The Russian early warning radar network is designed to detect NATO AWACS and high-altitude enemy fighter jets, not a composite-wing drone with the radar cross-section of a goose skimming the ground at 60 knots. European operators are now using a tactic I call “Mosaic”: they launch 100 separate drones on 100 different flight paths from 20 launch sites spread across three borders (Ukraine, the Baltic states, and via maritime approaches in the Black Sea, certainly Romania but possibly Azerbaijan). The Russian Air Defense System (PVO) is designed to provide multi-layered defense against a concentrated axis of attack. It is not designed to deal with 360-degree, low-altitude infiltrations. When radar stations on the Kola Peninsula are saturated while simultaneously striking oil refineries in Tatarstan, the defense system collapses. We saw this in Israel where the air defense, the densest and most advanced in the world, is provided by thirteen countries including the United States.
What does this imply at a strategic level?
This isn’t a “big bang.” No one expects the lights to go out in Moscow—that’s not the point. What matters are refining capacity and pumping rates, which are being targeted by European Union countries using innovative military means.
Russia is an energy superpower that relies on a large-scale but low-margin flow. There’s no need to blow up a gas pipeline; simply disable the electrical substation that powers the compressor station. This interrupts the flow for 48 hours. Then the same tactic is used in another region.

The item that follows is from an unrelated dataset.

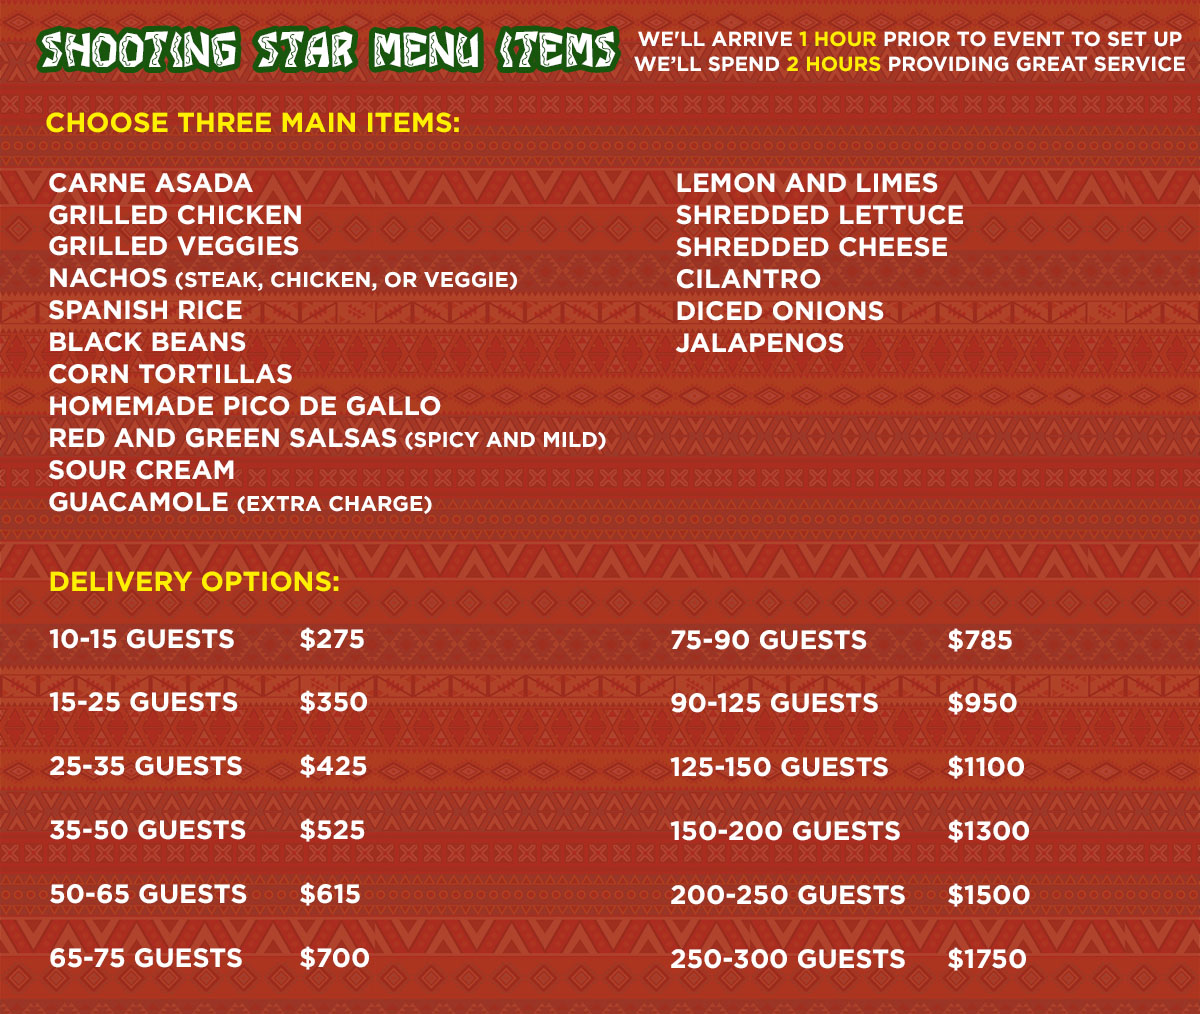 bt-menus-shootingstar
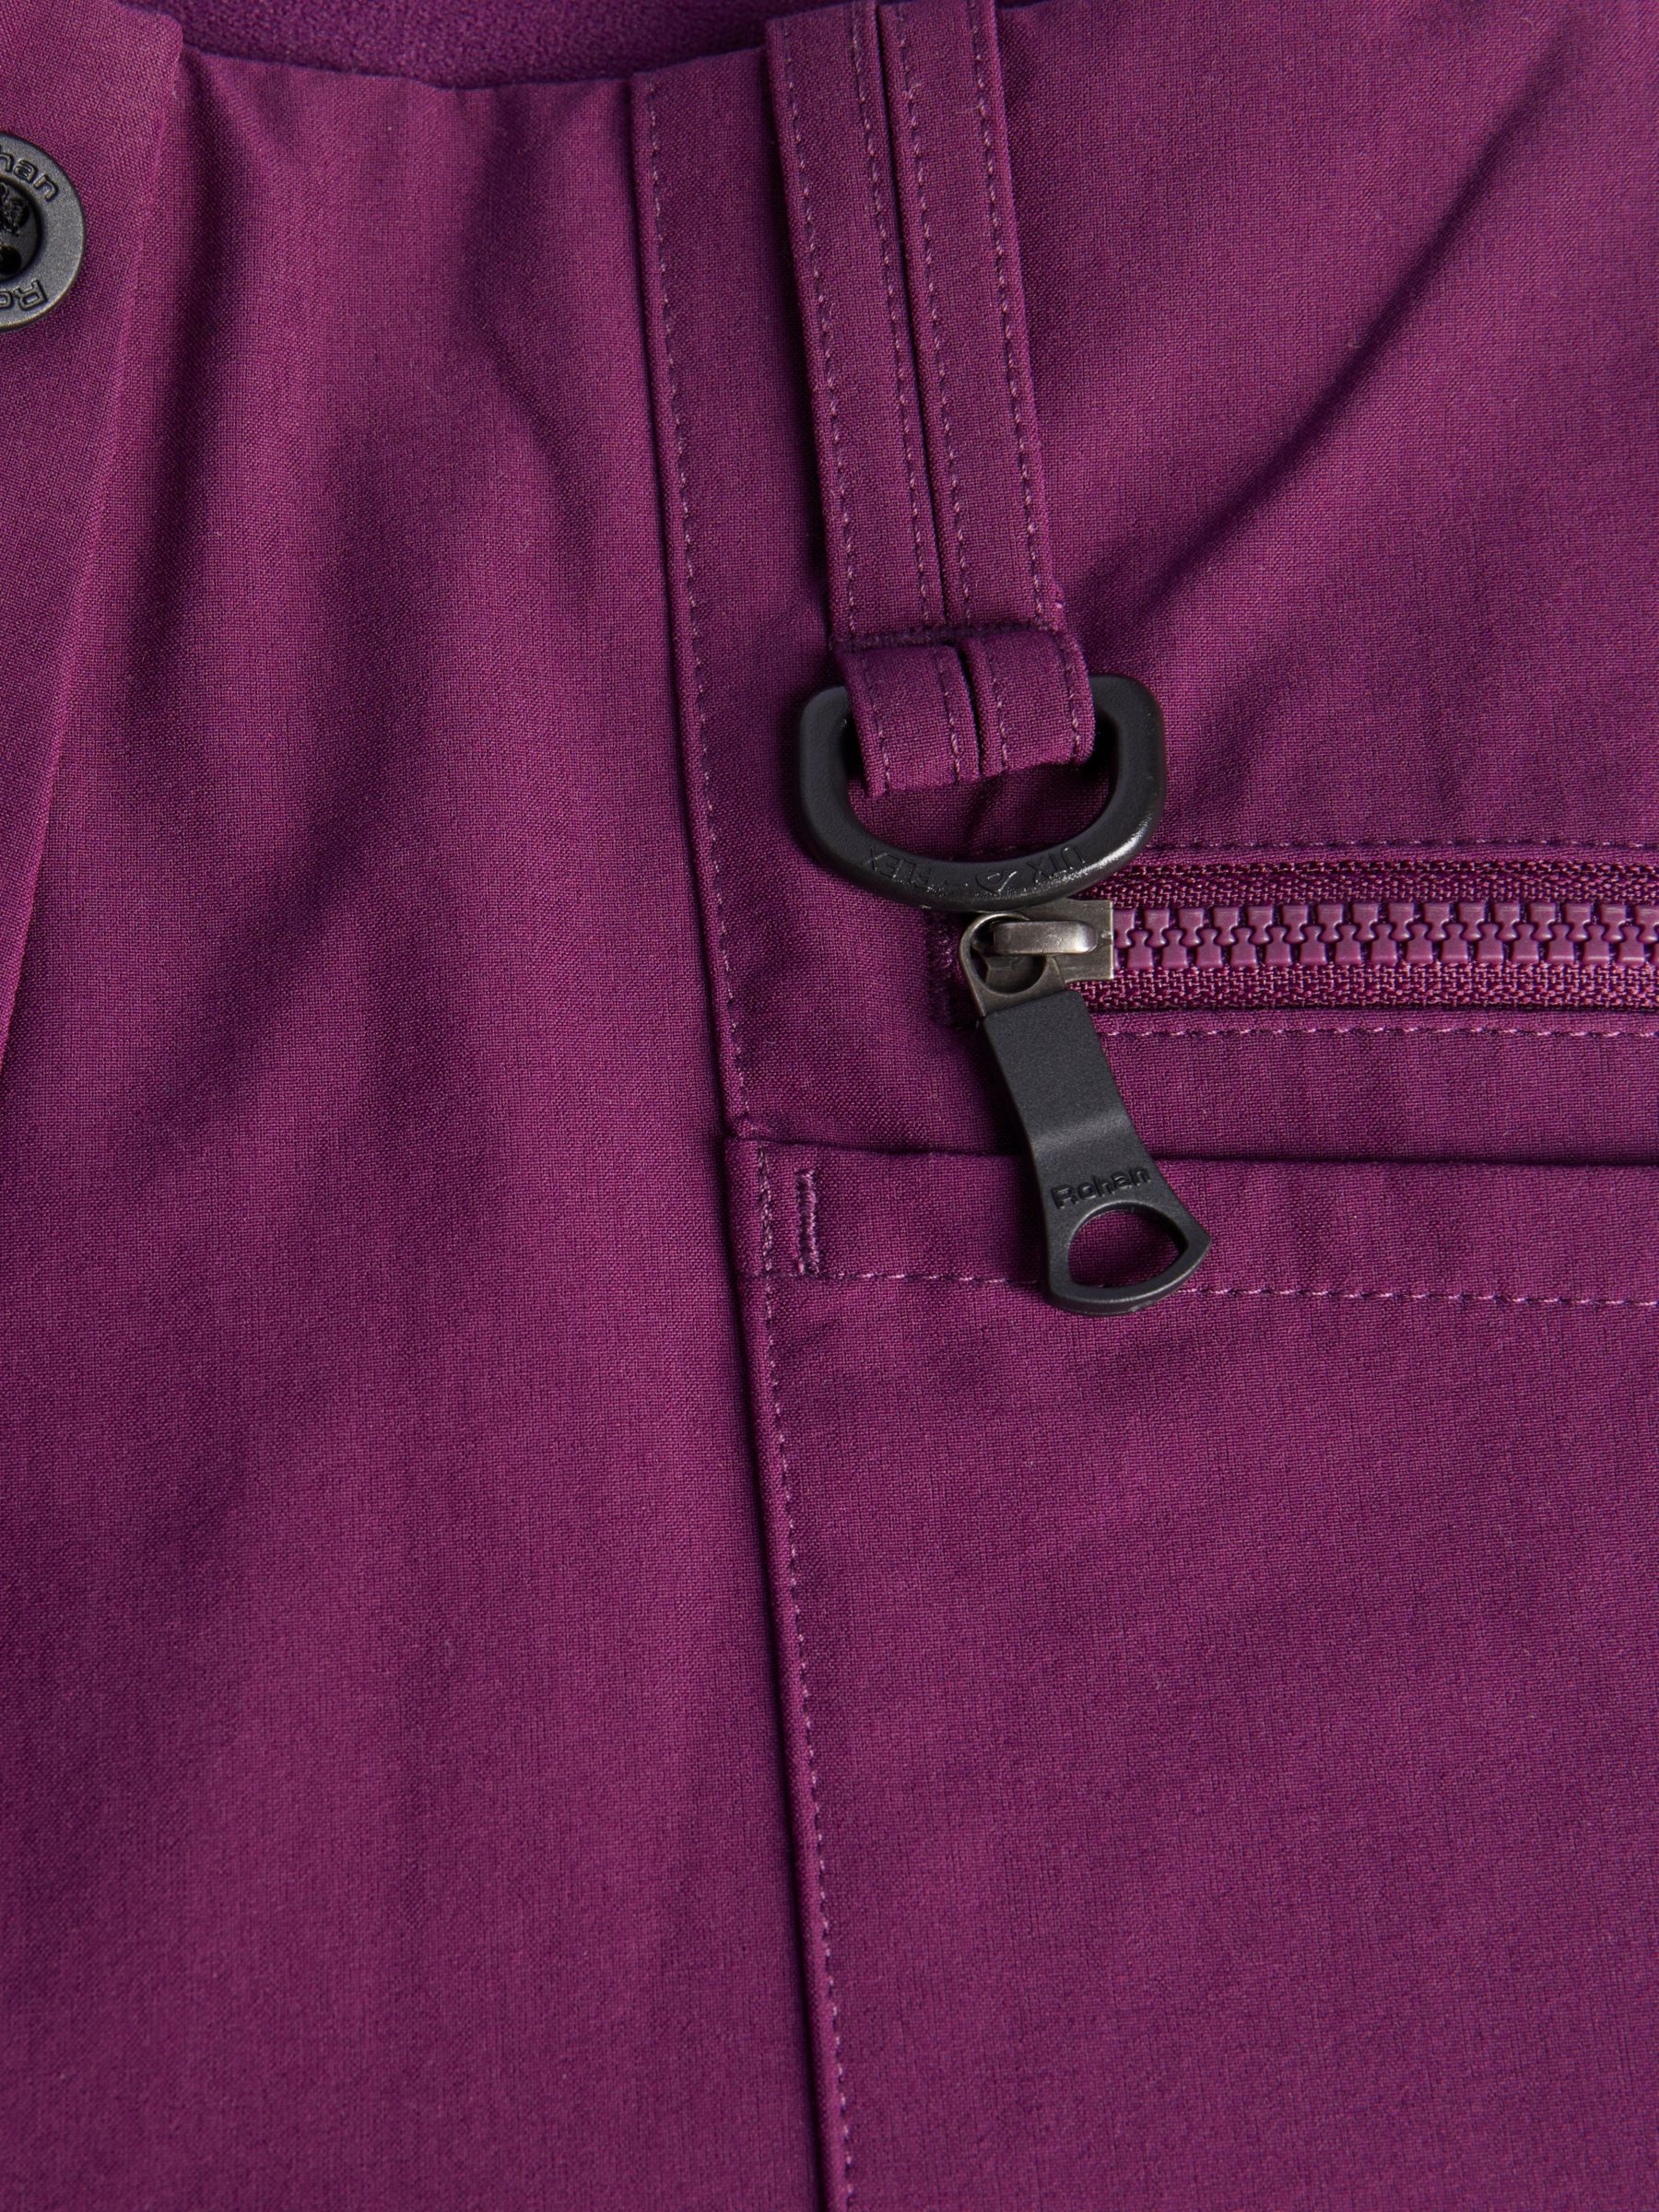 HAGLOFS Women's Mid Trail pink velvet hiking pants size 40

This is the essence of European war strategy.
The technocrats in Brussels, transformed into war dogs, have so far achieved two results from this military campaign in which all European countries are participating almost directly: the first result is that Russia is now a net importer of high-octane gasoline from Belarus, because its own cracking towers are constantly being damaged; the second result is that electricity exports to China — an essential source of hard currency for Russia — have fallen by 40% since the beginning of the year due to damage to electricity transmission pylons in the Far East.